The other thing we do is we always look at, like I said, the target customer segment. How many customers we think we can eventually have, and then we set ourselves a plan for achieving that target. It's a multi-year target, so it's very paced. John?
Yeah. Hi, Dave. I'll probably add into that. I mean, what's important to us and exactly as Gerard said, is the measured pace of that growth. And what that actually brings is a relatively shallow J- curve. Whenever we go into a new territory, the losses in those territories are relatively low. You know, you're talking small single digits, very small single digits. That's really important in terms of, you know, whilst Mexico is a growth business and growing really nicely, it is still delivering our target return. You know, we ensure that those that, you know, as I say, that J- curve is relatively shallow. It takes about three years for the region to be profitable.

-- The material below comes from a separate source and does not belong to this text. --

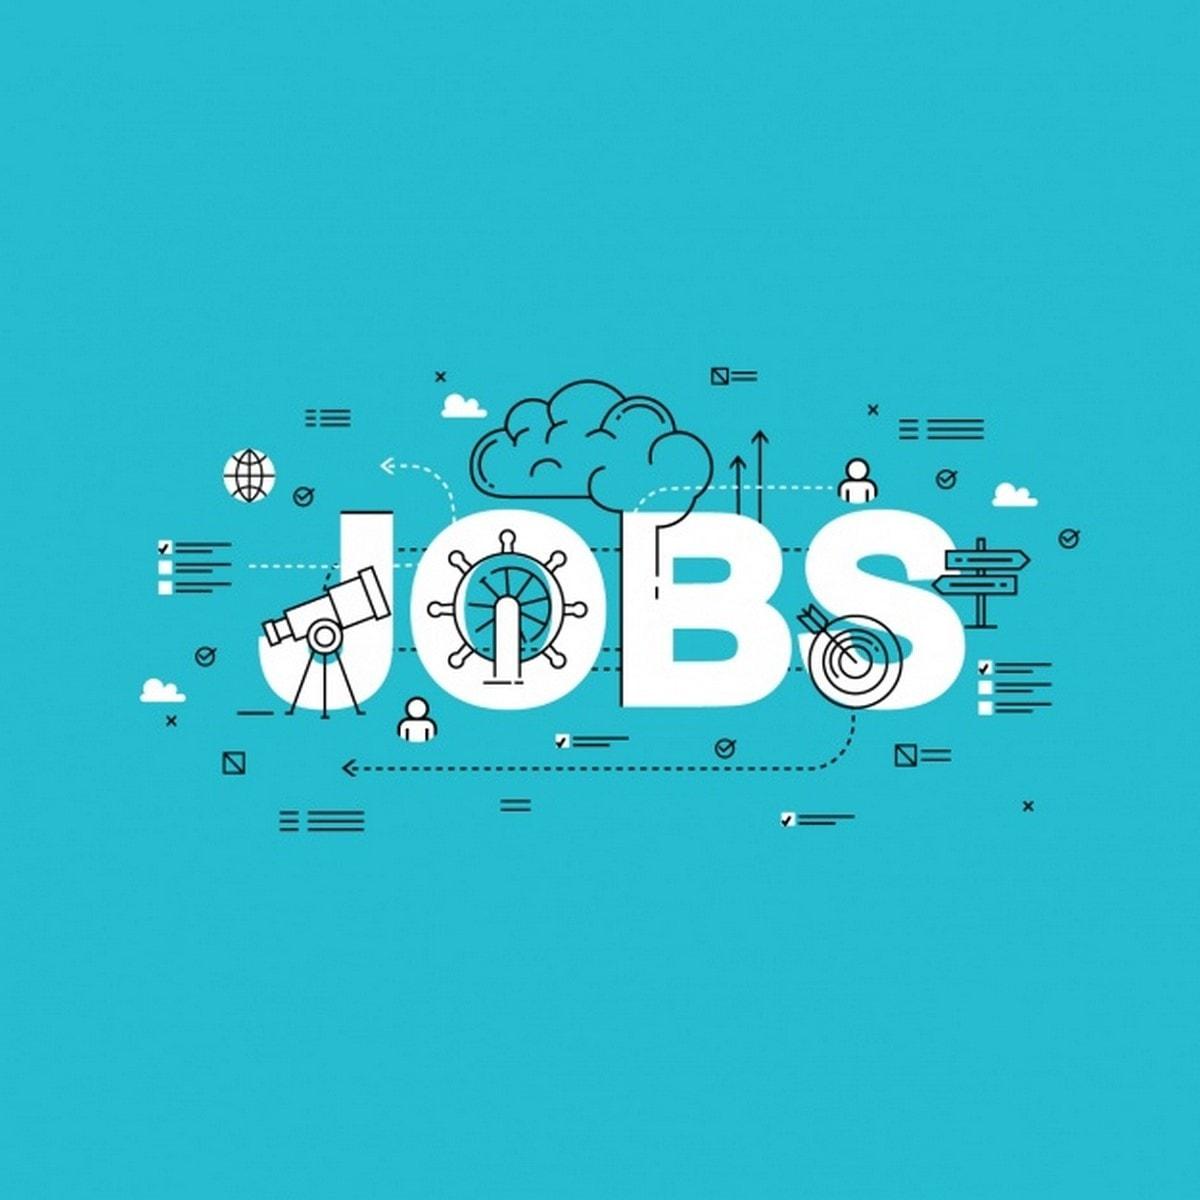 Types of jobs - 27

The losses that we're taking there because of that very phased approach, because it's measured, are relatively low, which is obviously important in delivering our target return.
Very helpful. Thank you.
Thank you. Once again, if you would like to ask a question, please press star one. Dear speakers, it appears there is no further questions at this time. I'd like to turn the conference back to you for any additional or closing remarks. Thank you.
Thank you, Priscilla. You know, on behalf of Gary and myself, I can say that we're very pleased with the first quarter. Good top line growth momentum. Nice to see the improvement in the yield on the portfolio 'cause we've been working hard on that. Very good work on taking cost out of the business, as you would expect, that should lead to an improved P&L. Feeling good about customer demand. Feeling very good about the rollout of the credit card in Poland. As I said, it's very early days, and we want to make sure that we're learning everything we should be learning about how the customers use the card and what they want from it. All in all, feeling good about the first quarter and carrying good momentum into quarter two and hopefully the second half.
As always, thank you very much for joining. If you have further questions, you can always contact the dealer directly or through Will Wade- Gery in investor relations. We're happy to have bilateral calls if anybody would like to do that. Thank you very much, everybody. Have a good day.